:: Instructions for the task ::
Every record below, from the first line to the last, is to be set down again exactly.

:: The data ::

--------

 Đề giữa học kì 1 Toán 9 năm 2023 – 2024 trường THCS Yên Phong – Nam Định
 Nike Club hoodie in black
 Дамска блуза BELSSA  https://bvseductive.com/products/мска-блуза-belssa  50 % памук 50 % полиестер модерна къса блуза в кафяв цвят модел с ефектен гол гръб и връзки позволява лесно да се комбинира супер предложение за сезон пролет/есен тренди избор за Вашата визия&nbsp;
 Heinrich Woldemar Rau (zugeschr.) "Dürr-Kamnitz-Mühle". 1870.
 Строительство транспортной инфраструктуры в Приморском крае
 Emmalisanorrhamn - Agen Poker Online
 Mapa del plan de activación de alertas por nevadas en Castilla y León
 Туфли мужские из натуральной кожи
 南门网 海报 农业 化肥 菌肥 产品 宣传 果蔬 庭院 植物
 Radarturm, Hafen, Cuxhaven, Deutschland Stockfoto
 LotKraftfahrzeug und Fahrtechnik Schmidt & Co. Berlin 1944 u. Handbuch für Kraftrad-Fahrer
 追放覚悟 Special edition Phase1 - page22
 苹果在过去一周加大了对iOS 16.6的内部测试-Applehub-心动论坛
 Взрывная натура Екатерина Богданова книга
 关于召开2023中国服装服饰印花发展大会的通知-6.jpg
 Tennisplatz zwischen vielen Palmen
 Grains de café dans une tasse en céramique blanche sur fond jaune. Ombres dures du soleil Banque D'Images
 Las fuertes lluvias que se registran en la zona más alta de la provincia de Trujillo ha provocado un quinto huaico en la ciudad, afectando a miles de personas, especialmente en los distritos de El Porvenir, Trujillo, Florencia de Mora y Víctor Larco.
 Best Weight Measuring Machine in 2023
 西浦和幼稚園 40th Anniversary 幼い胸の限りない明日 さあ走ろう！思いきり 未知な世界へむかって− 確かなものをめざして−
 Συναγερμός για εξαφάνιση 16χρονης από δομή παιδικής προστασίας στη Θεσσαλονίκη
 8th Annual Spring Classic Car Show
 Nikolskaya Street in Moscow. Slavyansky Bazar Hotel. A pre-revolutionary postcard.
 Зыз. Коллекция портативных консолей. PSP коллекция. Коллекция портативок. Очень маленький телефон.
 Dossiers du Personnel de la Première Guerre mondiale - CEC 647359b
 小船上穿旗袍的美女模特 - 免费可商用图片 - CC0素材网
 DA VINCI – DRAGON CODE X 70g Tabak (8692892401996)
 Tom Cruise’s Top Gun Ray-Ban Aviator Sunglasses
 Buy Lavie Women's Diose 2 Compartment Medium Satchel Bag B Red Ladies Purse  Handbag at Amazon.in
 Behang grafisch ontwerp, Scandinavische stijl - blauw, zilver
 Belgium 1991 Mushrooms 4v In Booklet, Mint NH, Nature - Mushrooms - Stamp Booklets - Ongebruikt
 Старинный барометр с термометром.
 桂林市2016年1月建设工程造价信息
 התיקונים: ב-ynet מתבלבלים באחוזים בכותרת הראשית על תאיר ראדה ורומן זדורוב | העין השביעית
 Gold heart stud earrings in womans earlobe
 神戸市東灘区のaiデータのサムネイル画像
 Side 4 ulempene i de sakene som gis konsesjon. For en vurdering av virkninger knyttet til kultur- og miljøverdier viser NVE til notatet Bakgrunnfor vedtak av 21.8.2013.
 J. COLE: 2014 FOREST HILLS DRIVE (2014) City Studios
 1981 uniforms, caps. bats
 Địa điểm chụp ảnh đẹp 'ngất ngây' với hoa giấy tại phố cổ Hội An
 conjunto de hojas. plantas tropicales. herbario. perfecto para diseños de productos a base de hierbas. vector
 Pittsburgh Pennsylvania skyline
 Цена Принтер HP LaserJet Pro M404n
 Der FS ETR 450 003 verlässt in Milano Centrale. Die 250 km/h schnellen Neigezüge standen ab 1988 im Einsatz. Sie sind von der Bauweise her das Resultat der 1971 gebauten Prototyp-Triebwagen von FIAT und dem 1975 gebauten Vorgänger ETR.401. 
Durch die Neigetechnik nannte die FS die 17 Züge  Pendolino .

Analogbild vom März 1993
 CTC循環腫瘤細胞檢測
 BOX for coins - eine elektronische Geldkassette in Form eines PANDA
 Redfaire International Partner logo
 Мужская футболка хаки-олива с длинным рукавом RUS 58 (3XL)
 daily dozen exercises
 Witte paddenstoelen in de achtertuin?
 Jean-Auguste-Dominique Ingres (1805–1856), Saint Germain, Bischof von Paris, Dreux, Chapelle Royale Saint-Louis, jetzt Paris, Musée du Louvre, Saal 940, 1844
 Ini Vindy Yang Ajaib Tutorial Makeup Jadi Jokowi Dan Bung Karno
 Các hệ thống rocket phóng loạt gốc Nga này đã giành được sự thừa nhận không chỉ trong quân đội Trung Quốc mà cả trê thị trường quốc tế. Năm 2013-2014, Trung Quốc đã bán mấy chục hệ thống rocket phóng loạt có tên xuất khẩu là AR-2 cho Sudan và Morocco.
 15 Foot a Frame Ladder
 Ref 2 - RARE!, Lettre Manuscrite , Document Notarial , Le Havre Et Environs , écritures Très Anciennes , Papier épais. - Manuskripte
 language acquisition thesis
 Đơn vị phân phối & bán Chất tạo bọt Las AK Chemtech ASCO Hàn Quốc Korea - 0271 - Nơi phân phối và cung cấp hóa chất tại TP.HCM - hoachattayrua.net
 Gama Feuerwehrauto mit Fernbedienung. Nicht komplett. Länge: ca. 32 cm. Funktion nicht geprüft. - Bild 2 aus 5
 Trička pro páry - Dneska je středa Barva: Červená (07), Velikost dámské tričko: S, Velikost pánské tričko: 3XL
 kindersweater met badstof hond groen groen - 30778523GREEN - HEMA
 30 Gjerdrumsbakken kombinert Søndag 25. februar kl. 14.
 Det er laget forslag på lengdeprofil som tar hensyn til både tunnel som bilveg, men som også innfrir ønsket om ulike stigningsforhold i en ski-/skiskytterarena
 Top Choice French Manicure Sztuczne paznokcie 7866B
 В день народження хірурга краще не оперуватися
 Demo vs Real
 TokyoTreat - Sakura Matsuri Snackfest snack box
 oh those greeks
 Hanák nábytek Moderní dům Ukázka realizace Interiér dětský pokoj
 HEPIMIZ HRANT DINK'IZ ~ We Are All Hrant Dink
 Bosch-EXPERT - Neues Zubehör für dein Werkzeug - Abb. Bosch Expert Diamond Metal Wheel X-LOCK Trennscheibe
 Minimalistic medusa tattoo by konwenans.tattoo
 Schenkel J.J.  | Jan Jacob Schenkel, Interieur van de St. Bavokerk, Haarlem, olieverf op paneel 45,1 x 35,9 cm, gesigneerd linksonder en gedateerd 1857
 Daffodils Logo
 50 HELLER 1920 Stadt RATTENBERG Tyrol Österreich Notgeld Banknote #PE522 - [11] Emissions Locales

--------

:: Answer section ::
 Đề giữa học kì 1 Toán 9 năm 2023 – 2024 trường THCS Yên Phong – Nam Định
 Nike Club hoodie in black
 Дамска блуза BELSSA  https://bvseductive.com/products/мска-блуза-belssa  50 % памук 50 % полиестер модерна къса блуза в кафяв цвят модел с ефектен гол гръб и връзки позволява лесно да се комбинира супер предложение за сезон пролет/есен тренди избор за Вашата визия&nbsp;
 Heinrich Woldemar Rau (zugeschr.) "Dürr-Kamnitz-Mühle". 1870.
 Строительство транспортной инфраструктуры в Приморском крае
 Emmalisanorrhamn - Agen Poker Online
 Mapa del plan de activación de alertas por nevadas en Castilla y León
 Туфли мужские из натуральной кожи
 南门网 海报 农业 化肥 菌肥 产品 宣传 果蔬 庭院 植物
 Radarturm, Hafen, Cuxhaven, Deutschland Stockfoto
 LotKraftfahrzeug und Fahrtechnik Schmidt & Co. Berlin 1944 u. Handbuch für Kraftrad-Fahrer
 追放覚悟 Special edition Phase1 - page22
 苹果在过去一周加大了对iOS 16.6的内部测试-Applehub-心动论坛
 Взрывная натура Екатерина Богданова книга
 关于召开2023中国服装服饰印花发展大会的通知-6.jpg
 Tennisplatz zwischen vielen Palmen
 Grains de café dans une tasse en céramique blanche sur fond jaune. Ombres dures du soleil Banque D'Images
 Las fuertes lluvias que se registran en la zona más alta de la provincia de Trujillo ha provocado un quinto huaico en la ciudad, afectando a miles de personas, especialmente en los distritos de El Porvenir, Trujillo, Florencia de Mora y Víctor Larco.
 Best Weight Measuring Machine in 2023
 西浦和幼稚園 40th Anniversary 幼い胸の限りない明日 さあ走ろう！思いきり 未知な世界へむかって− 確かなものをめざして−
 Συναγερμός για εξαφάνιση 16χρονης από δομή παιδικής προστασίας στη Θεσσαλονίκη
 8th Annual Spring Classic Car Show
 Nikolskaya Street in Moscow. Slavyansky Bazar Hotel. A pre-revolutionary postcard.
 Зыз. Коллекция портативных консолей. PSP коллекция. Коллекция портативок. Очень маленький телефон.
 Dossiers du Personnel de la Première Guerre mondiale - CEC 647359b
 小船上穿旗袍的美女模特 - 免费可商用图片 - CC0素材网
 DA VINCI – DRAGON CODE X 70g Tabak (8692892401996)
 Tom Cruise’s Top Gun Ray-Ban Aviator Sunglasses
 Buy Lavie Women's Diose 2 Compartment Medium Satchel Bag B Red Ladies Purse  Handbag at Amazon.in
 Behang grafisch ontwerp, Scandinavische stijl - blauw, zilver
 Belgium 1991 Mushrooms 4v In Booklet, Mint NH, Nature - Mushrooms - Stamp Booklets - Ongebruikt
 Старинный барометр с термометром.
 桂林市2016年1月建设工程造价信息
 התיקונים: ב-ynet מתבלבלים באחוזים בכותרת הראשית על תאיר ראדה ורומן זדורוב | העין השביעית
 Gold heart stud earrings in womans earlobe
 神戸市東灘区のaiデータのサムネイル画像
 Side 4 ulempene i de sakene som gis konsesjon. For en vurdering av virkninger knyttet til kultur- og miljøverdier viser NVE til notatet Bakgrunnfor vedtak av 21.8.2013.
 J. COLE: 2014 FOREST HILLS DRIVE (2014) City Studios
 1981 uniforms, caps. bats
 Địa điểm chụp ảnh đẹp 'ngất ngây' với hoa giấy tại phố cổ Hội An
 conjunto de hojas. plantas tropicales. herbario. perfecto para diseños de productos a base de hierbas. vector
 Pittsburgh Pennsylvania skyline
 Цена Принтер HP LaserJet Pro M404n
 Der FS ETR 450 003 verlässt in Milano Centrale. Die 250 km/h schnellen Neigezüge standen ab 1988 im Einsatz. Sie sind von der Bauweise her das Resultat der 1971 gebauten Prototyp-Triebwagen von FIAT und dem 1975 gebauten Vorgänger ETR.401. 
Durch die Neigetechnik nannte die FS die 17 Züge  Pendolino .

Analogbild vom März 1993
 CTC循環腫瘤細胞檢測
 BOX for coins - eine elektronische Geldkassette in Form eines PANDA
 Redfaire International Partner logo
 Мужская футболка хаки-олива с длинным рукавом RUS 58 (3XL)
 daily dozen exercises
 Witte paddenstoelen in de achtertuin?
 Jean-Auguste-Dominique Ingres (1805–1856), Saint Germain, Bischof von Paris, Dreux, Chapelle Royale Saint-Louis, jetzt Paris, Musée du Louvre, Saal 940, 1844
 Ini Vindy Yang Ajaib Tutorial Makeup Jadi Jokowi Dan Bung Karno
 Các hệ thống rocket phóng loạt gốc Nga này đã giành được sự thừa nhận không chỉ trong quân đội Trung Quốc mà cả trê thị trường quốc tế. Năm 2013-2014, Trung Quốc đã bán mấy chục hệ thống rocket phóng loạt có tên xuất khẩu là AR-2 cho Sudan và Morocco.
 15 Foot a Frame Ladder
 Ref 2 - RARE!, Lettre Manuscrite , Document Notarial , Le Havre Et Environs , écritures Très Anciennes , Papier épais. - Manuskripte
 language acquisition thesis
 Đơn vị phân phối & bán Chất tạo bọt Las AK Chemtech ASCO Hàn Quốc Korea - 0271 - Nơi phân phối và cung cấp hóa chất tại TP.HCM - hoachattayrua.net
 Gama Feuerwehrauto mit Fernbedienung. Nicht komplett. Länge: ca. 32 cm. Funktion nicht geprüft. - Bild 2 aus 5
 Trička pro páry - Dneska je středa Barva: Červená (07), Velikost dámské tričko: S, Velikost pánské tričko: 3XL
 kindersweater met badstof hond groen groen - 30778523GREEN - HEMA
 30 Gjerdrumsbakken kombinert Søndag 25. februar kl. 14.
 Det er laget forslag på lengdeprofil som tar hensyn til både tunnel som bilveg, men som også innfrir ønsket om ulike stigningsforhold i en ski-/skiskytterarena
 Top Choice French Manicure Sztuczne paznokcie 7866B
 В день народження хірурга краще не оперуватися
 Demo vs Real
 TokyoTreat - Sakura Matsuri Snackfest snack box
 oh those greeks
 Hanák nábytek Moderní dům Ukázka realizace Interiér dětský pokoj
 HEPIMIZ HRANT DINK'IZ ~ We Are All Hrant Dink
 Bosch-EXPERT - Neues Zubehör für dein Werkzeug - Abb. Bosch Expert Diamond Metal Wheel X-LOCK Trennscheibe
 Minimalistic medusa tattoo by konwenans.tattoo
 Schenkel J.J.  | Jan Jacob Schenkel, Interieur van de St. Bavokerk, Haarlem, olieverf op paneel 45,1 x 35,9 cm, gesigneerd linksonder en gedateerd 1857
 Daffodils Logo
 50 HELLER 1920 Stadt RATTENBERG Tyrol Österreich Notgeld Banknote #PE522 - [11] Emissions Locales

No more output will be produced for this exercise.